On top of all that, I don’t really understand the desire to keep writing new Erlang web frameworks for performance reasons. As I stated earlier, if a framework uses Erlang’s built-in packet decoding and socket handling, it won’t perform a great deal better than any other Erlang web framework. OTOH, if someone writes a new framework with the hope of providing a really nice new programming model — webmachine is a fantastic example of this — then they shouldn’t be “proving” how good the programming model is by trying to show how fast it is. Ever seen webmachine being advertised via performance benchmarks? Neither have I.
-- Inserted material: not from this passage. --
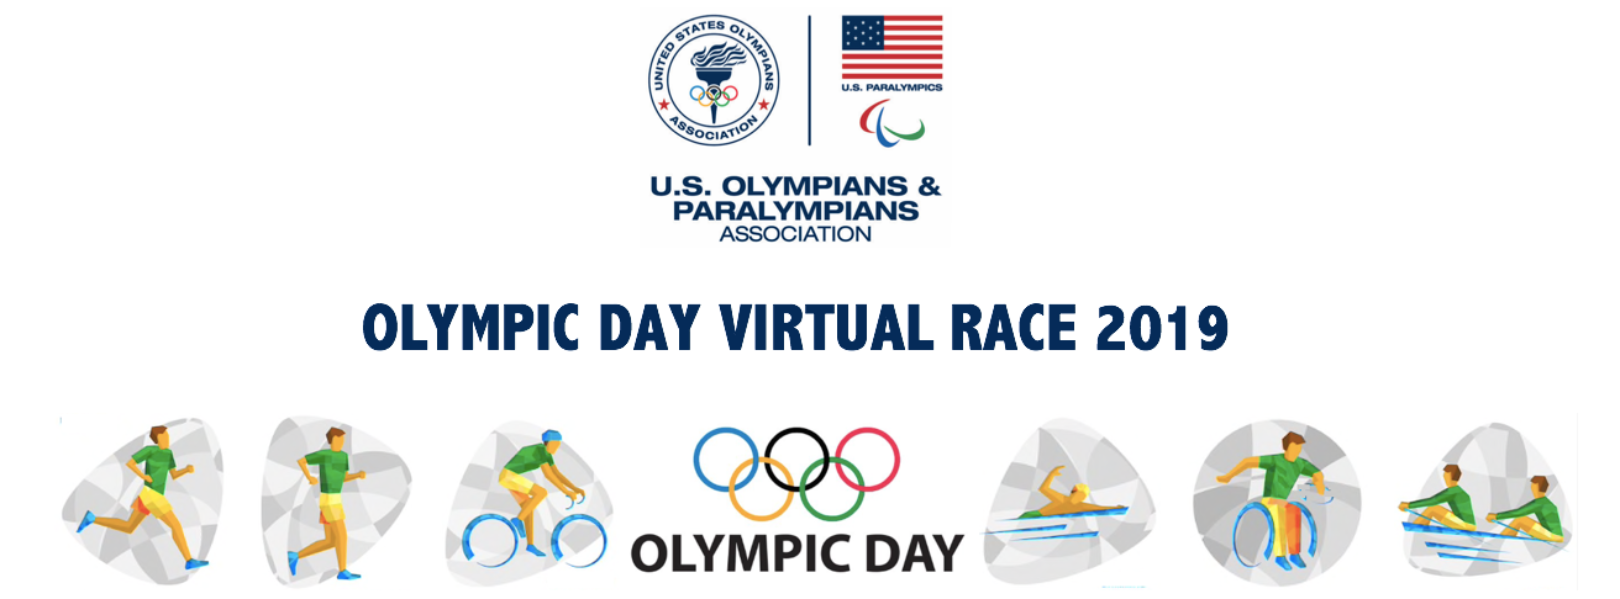 Olympic Day Virtual Race 2019

Let’s face it, the Erlang web development community isn’t large enough to support numerous web servers and frameworks. I’m sure some will disagree, but publishing artificial benchmarks designed to “prove” which is best IMO results mostly in just fragmenting the community. If you really have an itch to write a fast Erlang web server, you’d help the community much more by contributing to an existing one, including the Erlang inets web server included in Erlang/OTP and now powering the Erlang website. For Yaws, Klacke and I often take patches and suggestions from our users, and we gladly welcome solid contributions intended to improve Yaws performance. If you’re just dying to show off your chops, note that improving performance in a long-lived and highly stable codebase like Yaws without breaking anyone’s code is far more challenging than writing another new server that basically doesn’t differ much from what already exists.

Or perhaps better yet, contribute to the Erlang core. IMO the next major performance improvements in Erlang web servers will come not from minor tweaks in handling binaries or such things, but rather via radical improvements in the Erlang TCP driver or even from developing a whole new HTTP-specific driver. Unlike a war of artificial benchmarks among Erlang web servers, these approaches have a great chance to improve the lot of all Erlang web systems.

Responses

Feed

Roberto Ostinelli says:

May 9th, 2011 at 11:24 pm (#)

Hi Steve, I can only agree to many of the sensible points you make.
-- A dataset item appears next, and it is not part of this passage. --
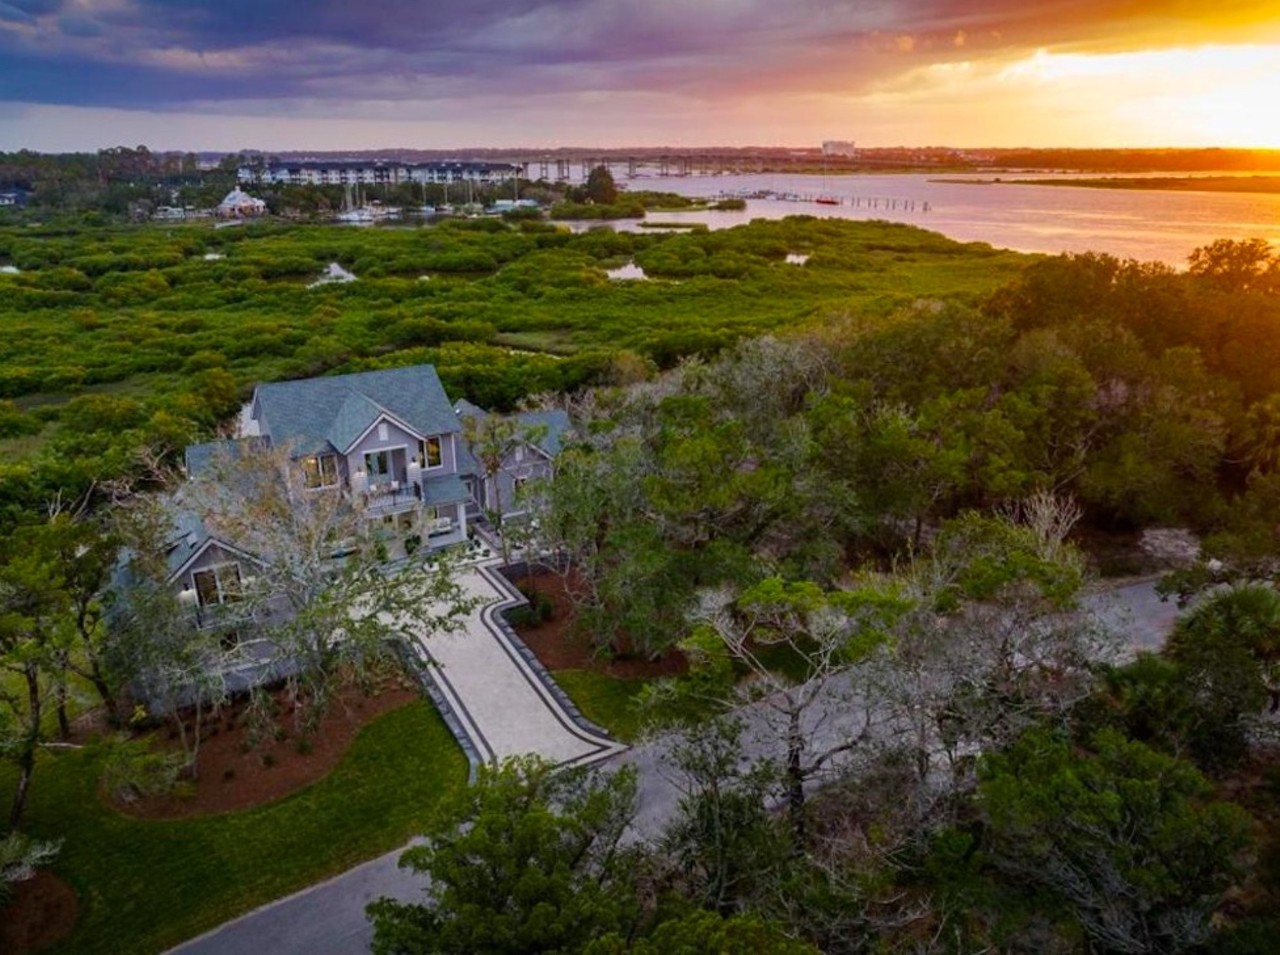 HGTV is giving away this Florida home on Anastasia Island, and it comes

Whenever I discuss about benchmarks with people around me I always start by stating that speed is only one of the ‘n’ things you want from a webserver, and these would include stability, features, ease of maintenance, a low standard deviation (i.e. a known average behaviour), and such.

And that’s precisely the point. There are specific situations where speed can seriously help, and it’s the kind of situations in which I’m often confronted to: small packets, fast application times, loads of connections. And that was the reason for me writing Misultin in the first place.

That’s trading features for speed, no secret in that. If it were to be a big application, probably the percentage of time used by any of these servers for header parsing / socket handling / querystring parsing would be only a minor part in the overall process that produces a response. Because of that, it is most probable that the different servers would flat down to more similar speeds on a big application. That explains why I am not interested in adding application “thinking time”, because that is, by definition, application-dependent, and I test that every time I release a specific app.

As a last note, I did not include Yaws for a simple reason: it’s a fully blown up server, the “old guy” is a feature-loaded unquestioned webserver, and because of that I simply thought that it would have been unfair to add it to the comparison. This really sound to me like apple and peers, not a minor difference of the missing headers you are referring to. IMHO, of course, and I’ll be more than pleased to add Yaws to the next run which I might be called to do.

AFA contributing to OTP itself, I would be more than delighted and there are signs to try to get along on that.. I just believe it to be out of my reach: I wrote misultin simply because I needed it.

Keep up the good work,

r.
Loïc Hoguin says:

May 10th, 2011 at 4:23 am (#)

You are generalizing the range of applications involved.

Some applications are little more than “hello worlds”, except with more data transferred. This is one application Cowboy will be used for.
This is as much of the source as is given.